(Aim of the task): Your answer should be the exact lines of the data below from the one containing "Summer Blossom Lily" through the one containing "CHARMHOME 4 Piece"; please include nothing else.

(Data records):

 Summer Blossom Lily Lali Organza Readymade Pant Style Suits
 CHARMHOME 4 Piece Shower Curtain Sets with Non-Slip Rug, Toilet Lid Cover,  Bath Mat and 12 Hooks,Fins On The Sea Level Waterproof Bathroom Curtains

* * *

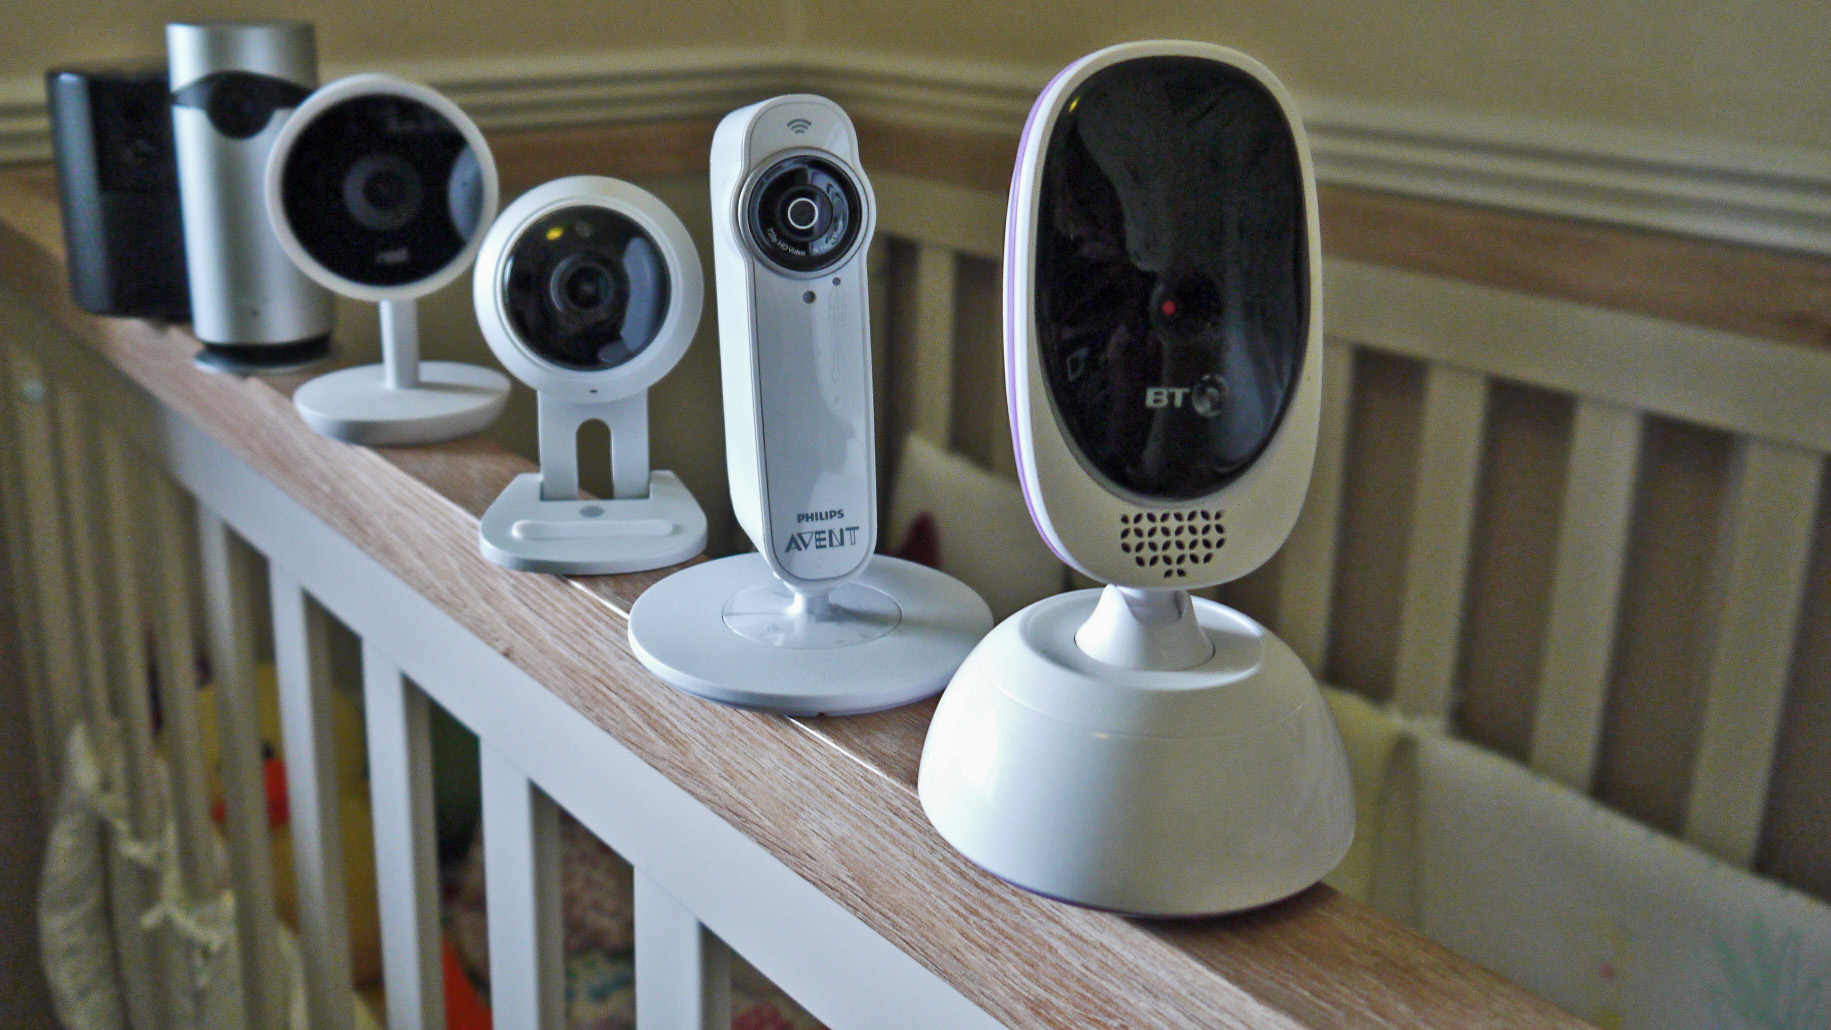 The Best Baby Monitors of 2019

(Response area):
 Summer Blossom Lily Lali Organza Readymade Pant Style Suits
 CHARMHOME 4 Piece Shower Curtain Sets with Non-Slip Rug, Toilet Lid Cover,  Bath Mat and 12 Hooks,Fins On The Sea Level Waterproof Bathroom Curtains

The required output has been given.